I have studied the code interpretation made by the ICC officials and it appears that they did not research the issue but acted upon the myth of bathtub overflows. They believed that someone at some point in the past had done all the engineering and code work. This is a good example of the power of myth influencing those in positions of power and regulatory responsibility in such a way that it maintains and strengthens the myth.

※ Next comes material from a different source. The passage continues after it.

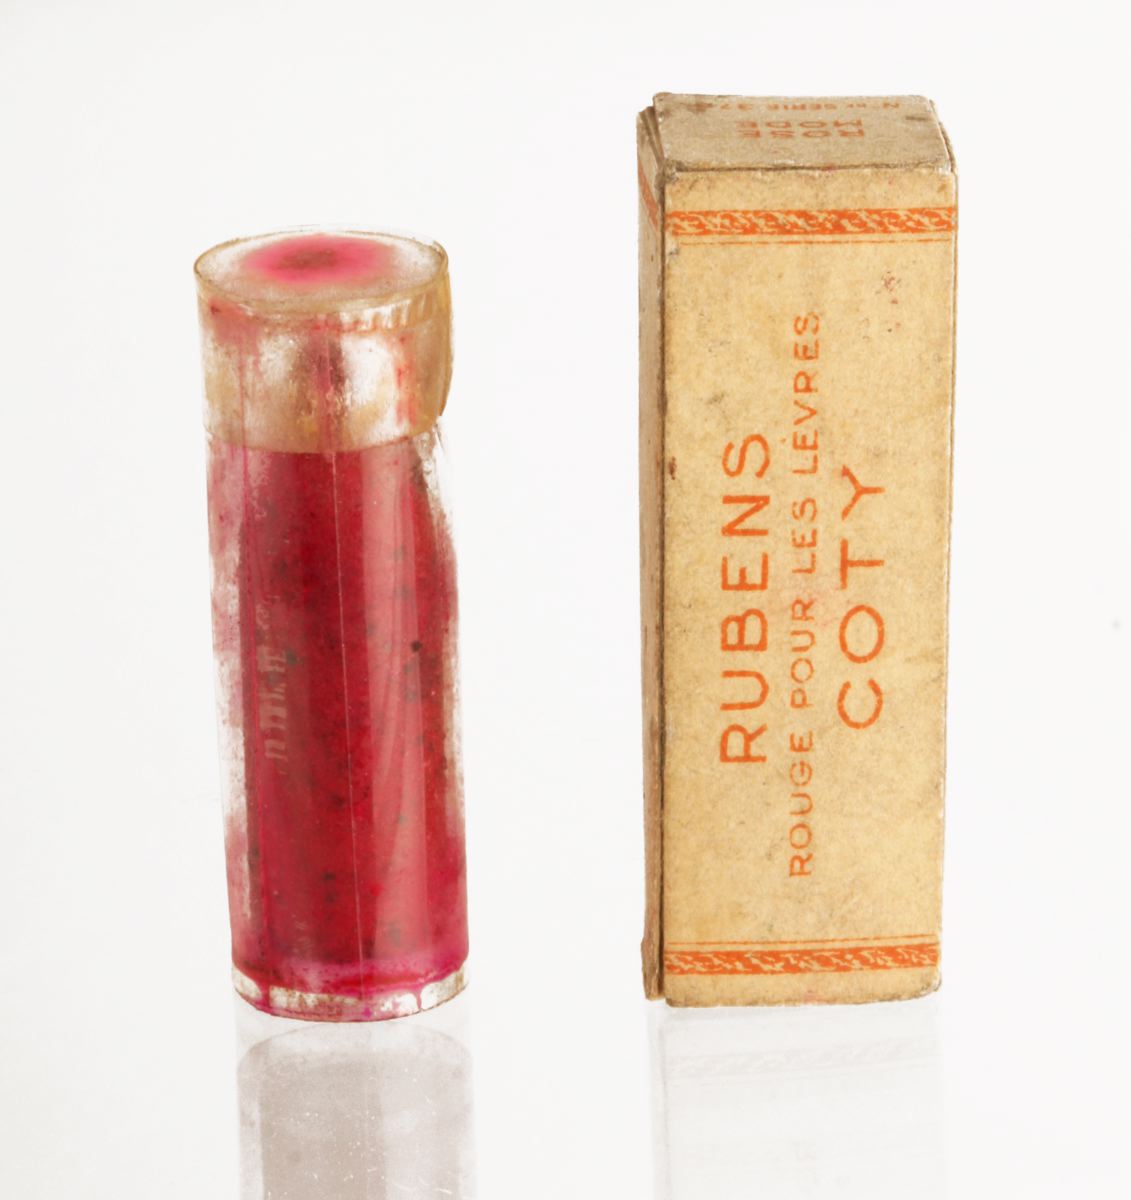 Raisin de recharge pour rouge à lèvres "Rubens" de Coty

This is a quote from an email I received from a member of the committee that rendered the decision (after I sent him information similar to what is posted here, although more extensive):

"Subject: RE: ICC Bathtub Overflow Requirement

Thanks for the info. It is quite thought provoking. I hope you will be attending the hearings in Baltimore next month to present your views to the IRC-PM committee.
To quote from Mark Twain:
It ain’t what you don’t know that gets you into trouble. It’s what you know for sure that just ain’t so.
PS: I was a member of the ‘anonymous committee’ that rendered that interpretation."

Ward Gilbert
http://www.gilbertplumbing.com

Hope this helps.

Tim

Nice job Tim!

I’m assuming that the tub leaked at the overflow, not from an overflow.

Inspectors often do not fill tubs to the overflow for this very reason. Suppose they had, and the overflow tube leaked (as I assume is the case in your situation)? They could be held liable for the damage. At the very least, the seller and the seller’s agent would be very angry with them.

Do you feel it is realistic to expect an inspector to test something if its failure could result in damage to the property? How would you feel if you were the property owner and they had done so?

The plumber who installed the tub messed up. Happens all too often. I warn my clients about this, but that’s about all I can do.